Exercise data ::

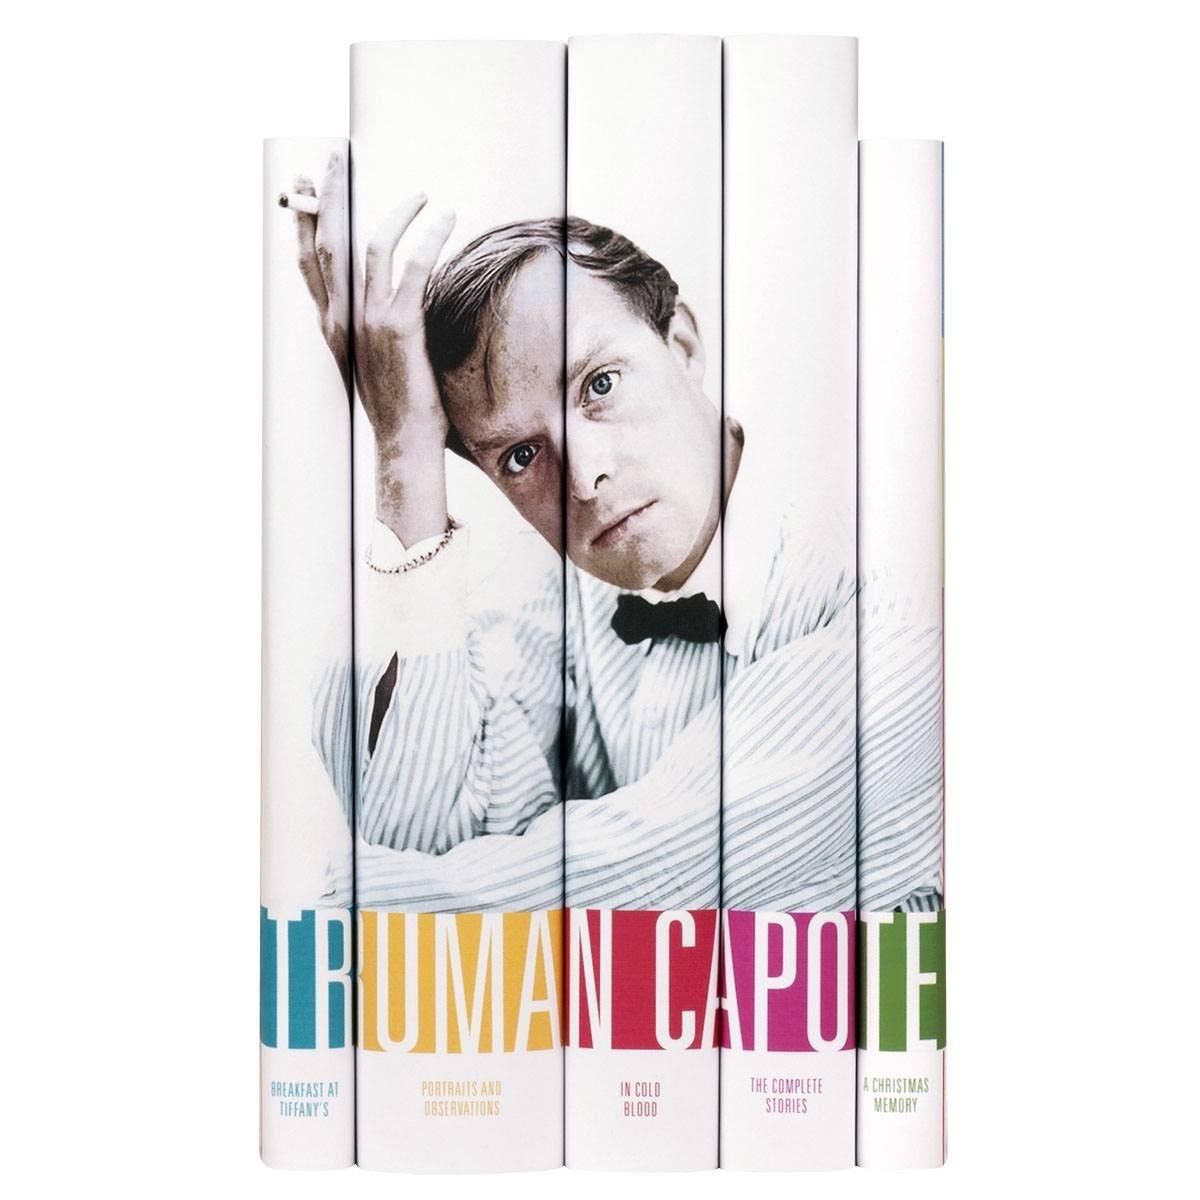 Truman Capote Set, aproximadamente € 128, Juniper Books
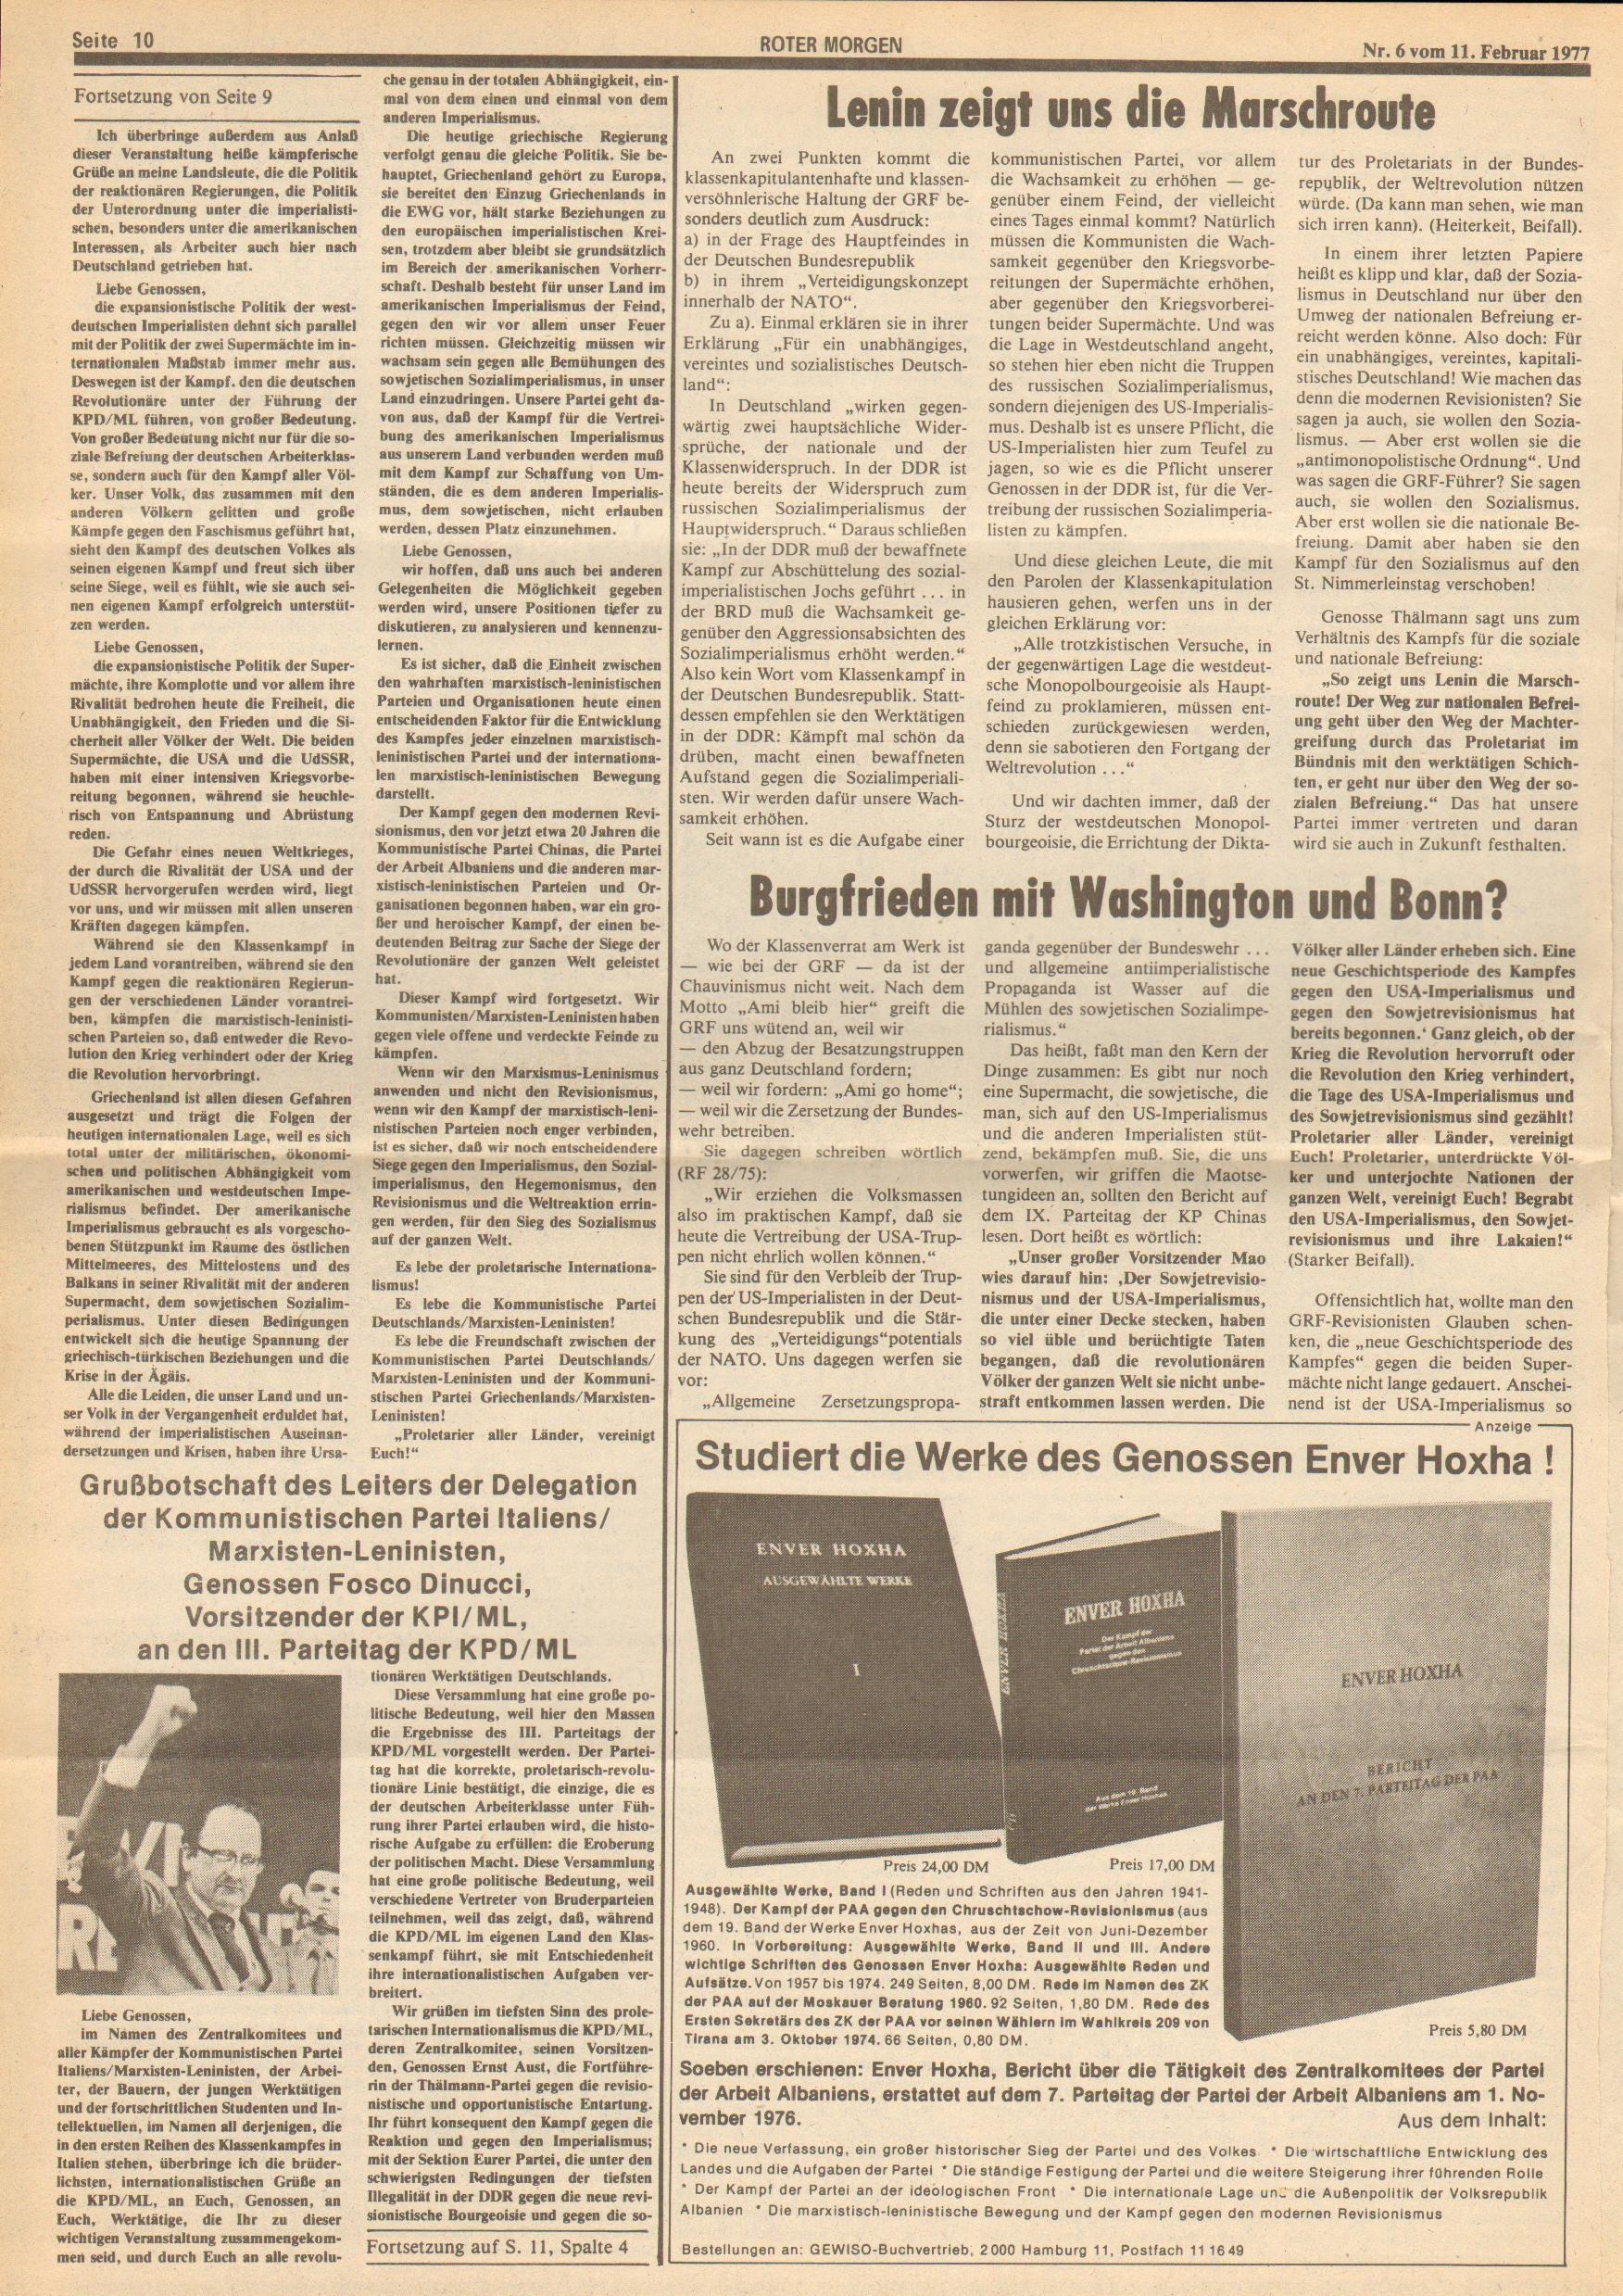 Roter Morgen, 11. Jg., 11. Februar 1977, Nr. 6, Seite 10
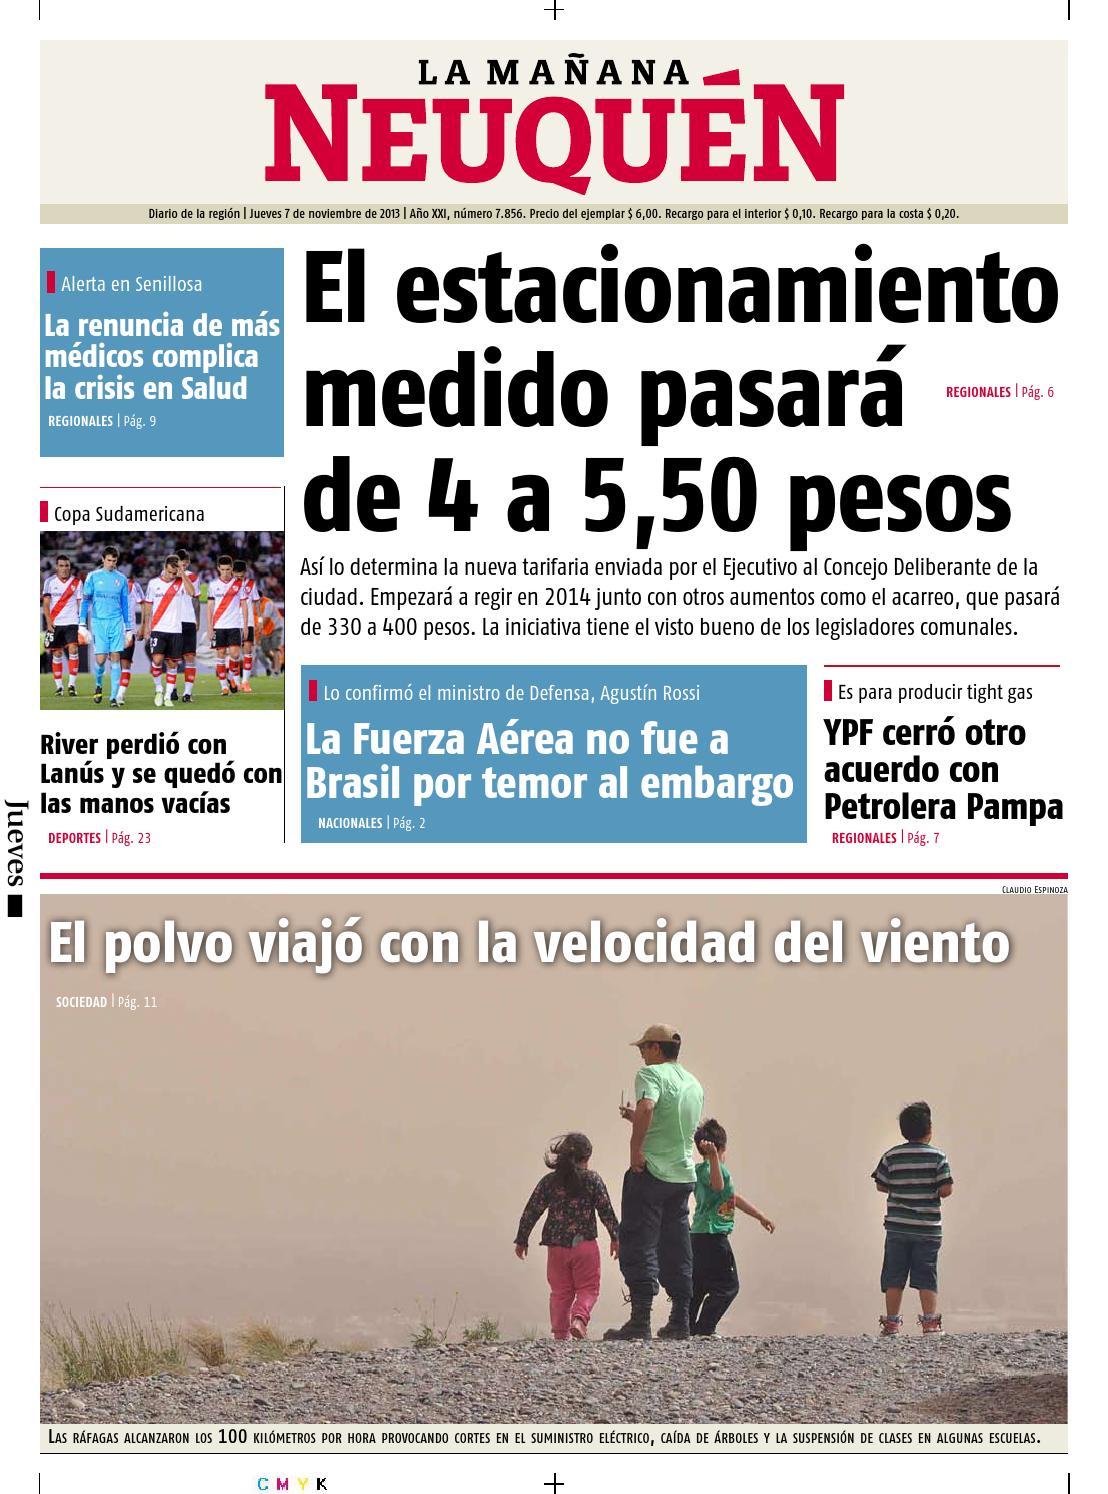 LMN - Día del Canillita by Diario LM Neuquén - issuu b7a88e2840e

What is needed ::
Return the material in full, word for word, and skip the pictures.

Expected answer ::
 Truman Capote Set, aproximadamente € 128, Juniper Books
 Roter Morgen, 11. Jg., 11. Februar 1977, Nr. 6, Seite 10
 LMN - Día del Canillita by Diario LM Neuquén - issuu b7a88e2840e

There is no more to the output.